Modality fine-tuning harms instruction following, reasoning, and safety.
Video modality may enhance the long context ability.
Modality fine-tuning has a mixed effect on multilingual performance.

On Model Merging Towards an Omni-Modal Language Model

Having gained a clearer insight into the impact of modal-lity fine-tuning, demonstrating both its benefits and drawbacks on the textual modality, we now explore a potential path towards omni-modal language models. Specifically, we ask: Is it possible to preserve the positive effects and extend multimodal capabilities without further training the existing models?

Merging Methods

We employ two widely used model merging techniques: average merging and weighted average merging, both of which are task- and modality-agnostic.

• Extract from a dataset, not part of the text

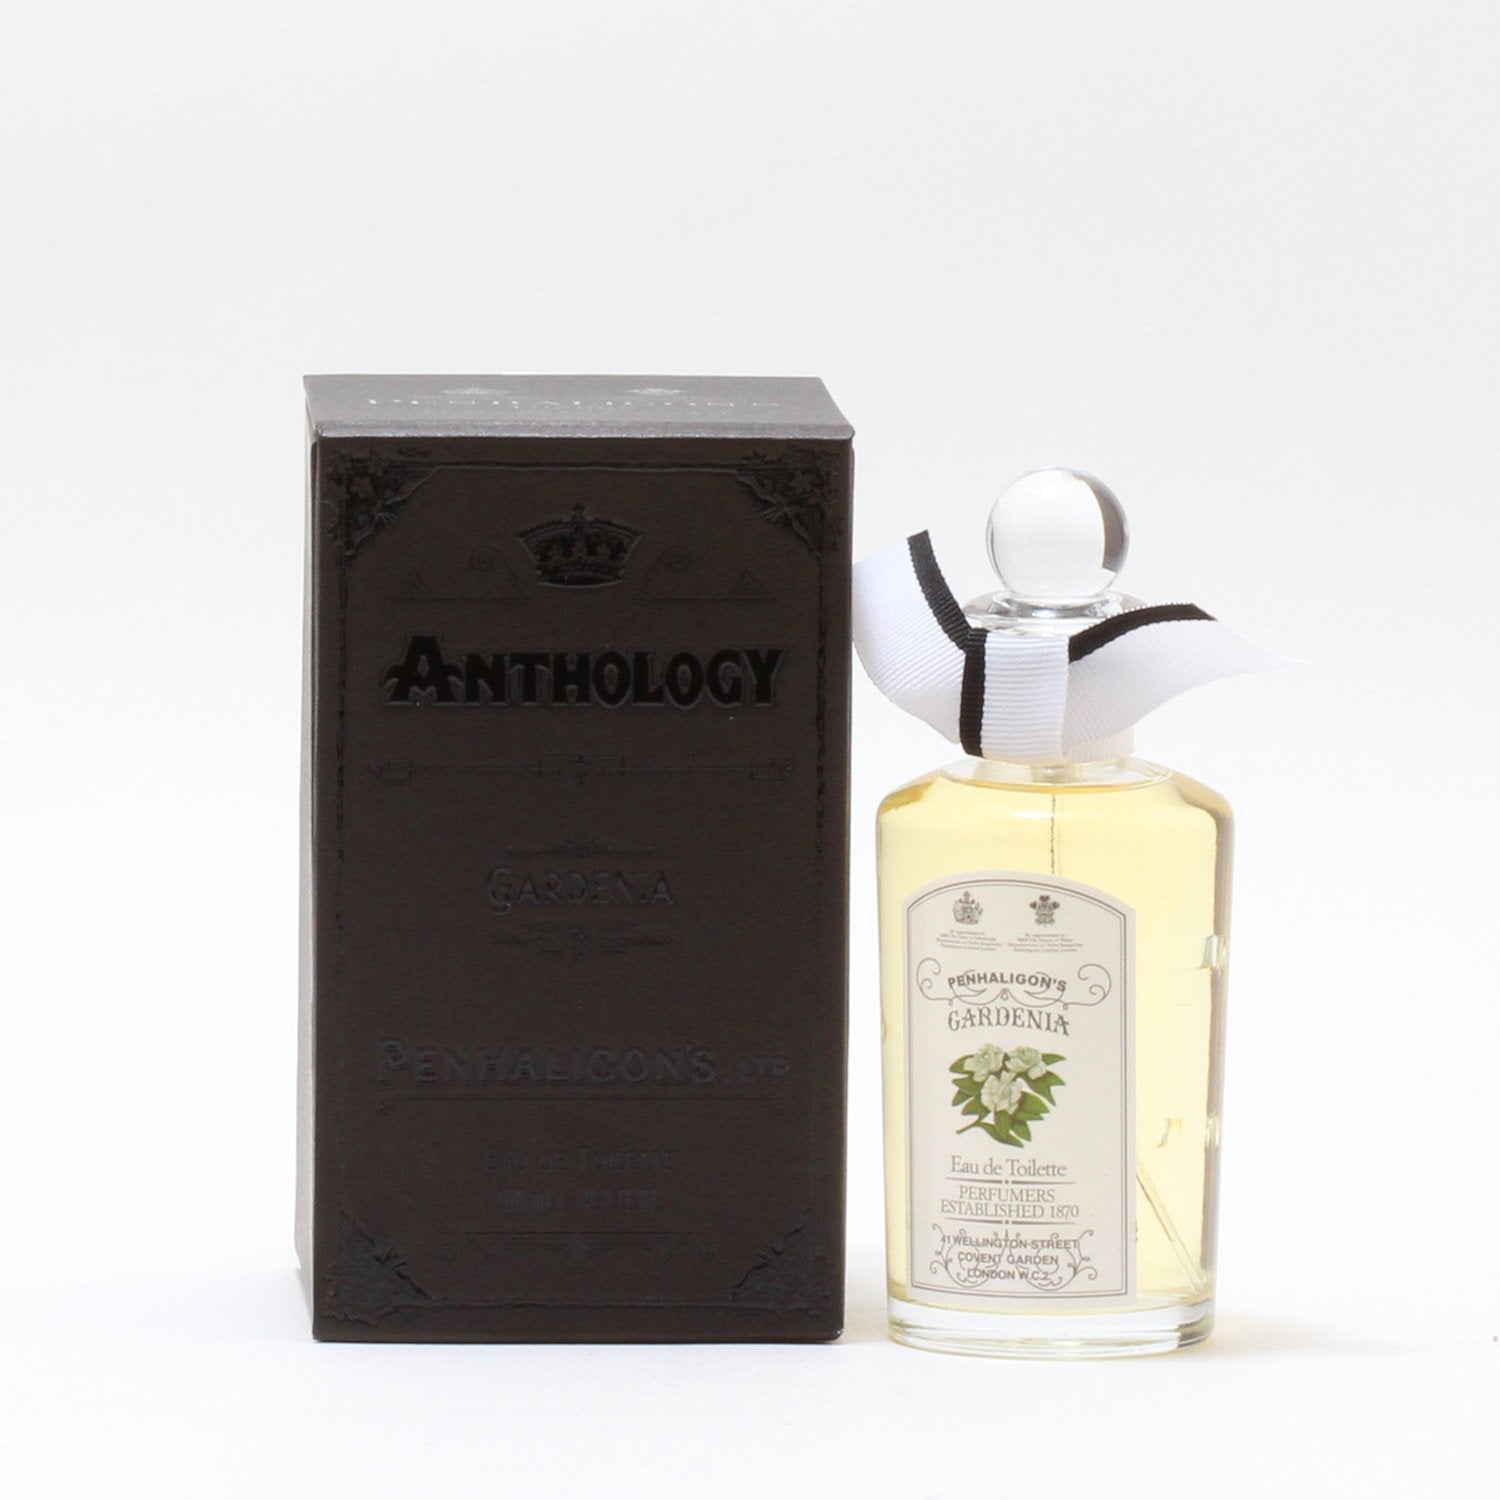 Perfume - PENHALIGON'S ANTOLOGY GARDENIA FOR WOMEN - EAU DE TOILETTE SPRAY, 3.4 OZ

Average Merging: $\theta_\text{merge} = \sum_{i=1}^n \theta_i,$ where $\theta_i$ represents the parameters of the $i^\text{th}$ candidate model.
Weighted Average Merging: $\theta_\text{merge} = \sum_{i=1}^n \alpha_i \theta_i\,$ where $\alpha_i$ denotes the weight assigned to the parameters of the $i^\text{th}$ model.

Merging Units

To determine the appropriate design for parameter weights in model merging, we must first answer a fundamental question: What is the largest unit to which model merging can be applied?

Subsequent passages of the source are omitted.